Background: During clinical practice, cyclophosphamide (CTX) can lead to liver and kidney injury in vivo. In this study, we established a liver and kidney injury model by injecting CTX (80 mg kg-1 d-1 ) into male ICR mice, and then mice were treated with saline and fucoidan (20 or 40 mg kg-1 ), respectively. Subsequently, the liver and kidney toxicity indices, the expression levels of malonic dialdehyde (MDA), inflammatory factors, and the main protein levels of the Nrf2/HO-1 and TLR4/NF-κB pathways were determined.
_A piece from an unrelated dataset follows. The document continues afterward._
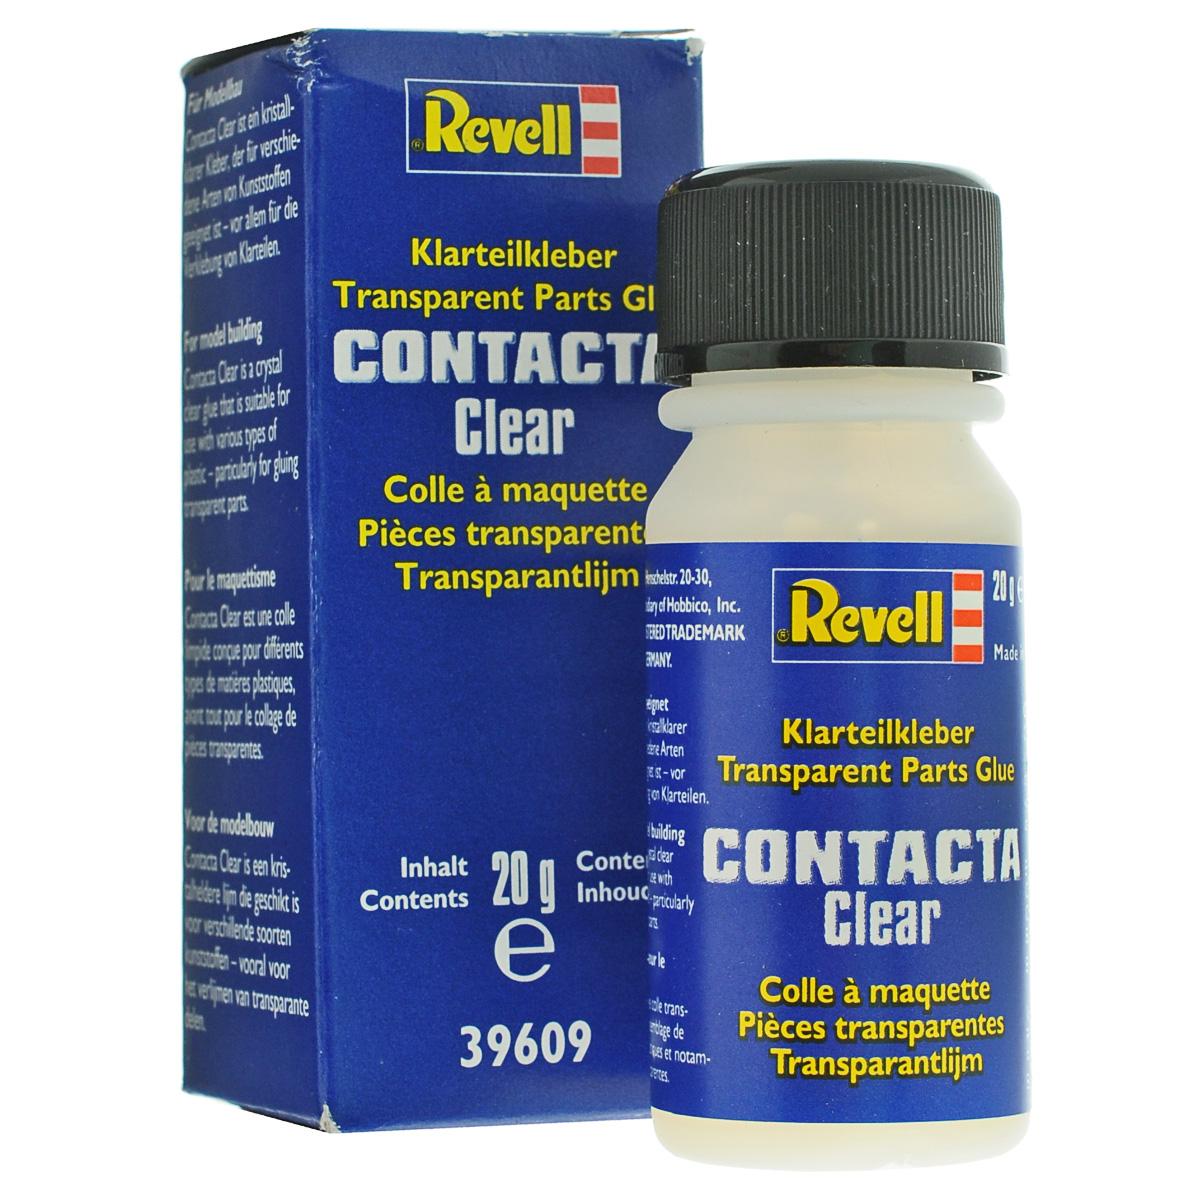 """Клей Revell """"Contacta Clear"""" предназначен для склеивания прозрачных пластмассовых деталей. Не оставляет следов. Клей имеет удобную пластиковую баночку с завинчивающейся крышкой. На внутренней стороне крышки расположена кисточка для нанесения. Клей обеспечивает прочное и незаметное соединение прозрачных деталей. Вес: 20 г."""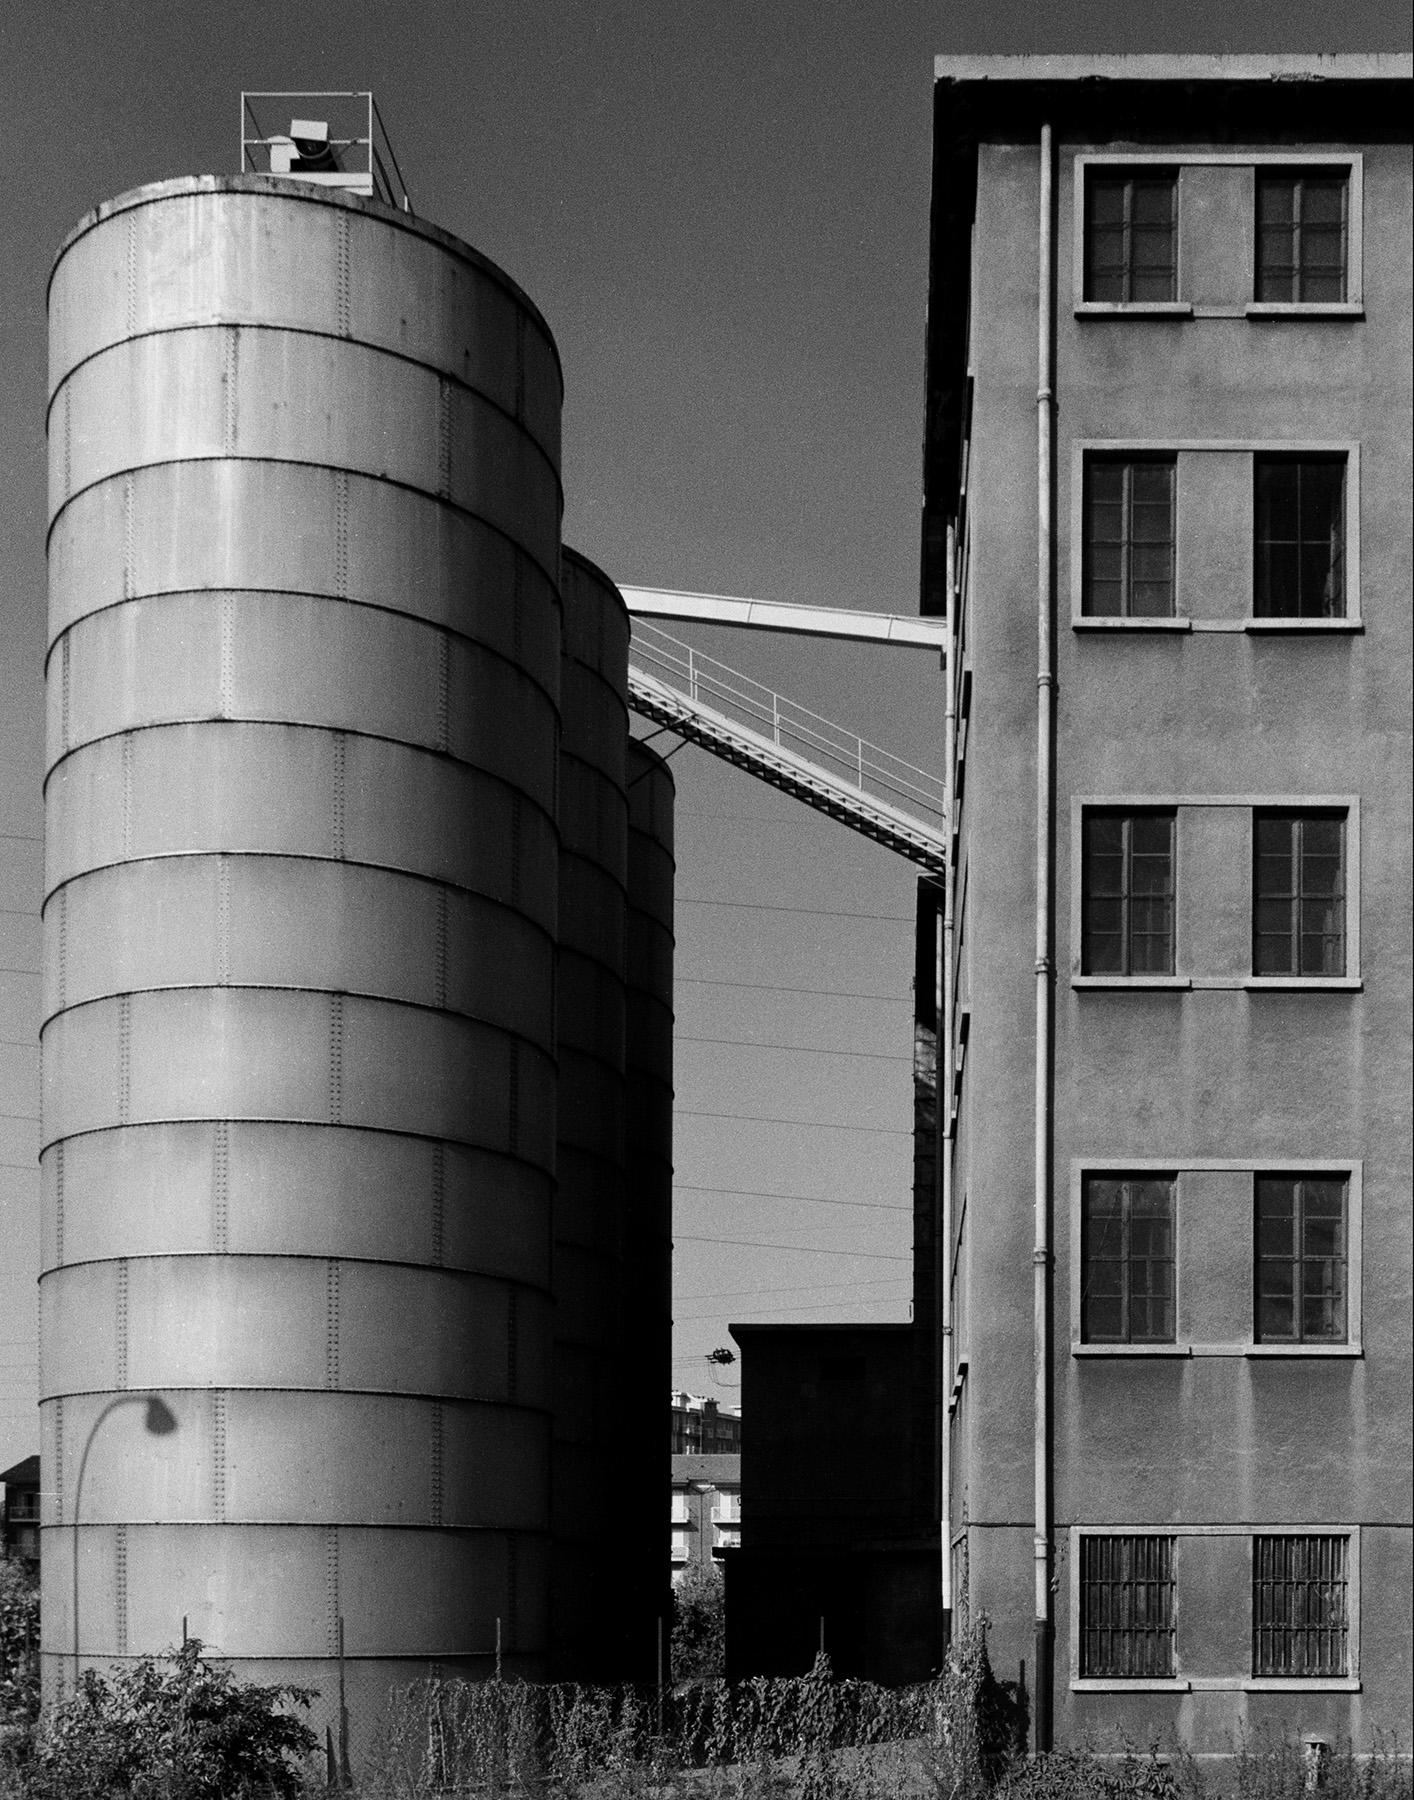 Cattedrali Industriali - Mostra di Fotografia

Results: Our results indicated that fucoidan could significantly decrease serum levels of alanine aminotransferase (ALT), aspartate aminotransferase (AST), creatinine (CRE), and urea (BUN) in the test group compared to the model group. Fucoidan administration caused reductions in MDA, interleukin-6 (IL-6), IL-1β, and tumor necrosis factor alpha (TNF-α) levels and improved superoxide dismutase (SOD), glutathione peroxidase (GSH-Px), and catalase (CAT) activities in the liver and kidney of CTX-induced mice. Fucoidan up-regulated the Nrf2/HO-1 pathway and enhanced the protein levels of Nrf2, HO-1, GCLM, and NQO1. Moreover, fucoidan down-regulated the TLR4/NF-κB pathway, as indicated by decreased levels of TLR4, NF-κB p65, NF-κB p50, and increased IκBα level in liver and kidney tissues.
Conclusion: Our studies suggest that fucoidan can ameliorate CTX-induced liver and kidney injury, potentially via up-regulating the Nrf2/HO-1 pathway and inhibiting the TLR4/NF-κB pathway. © 2021 Society of Chemical Industry.
Keywords: Nrf2/HO-1 pathway; TLR4/NF-kB pathway; cyclophosphamide; fucoidan; liver and kidney injury.
© 2021 Society of Chemical Industry.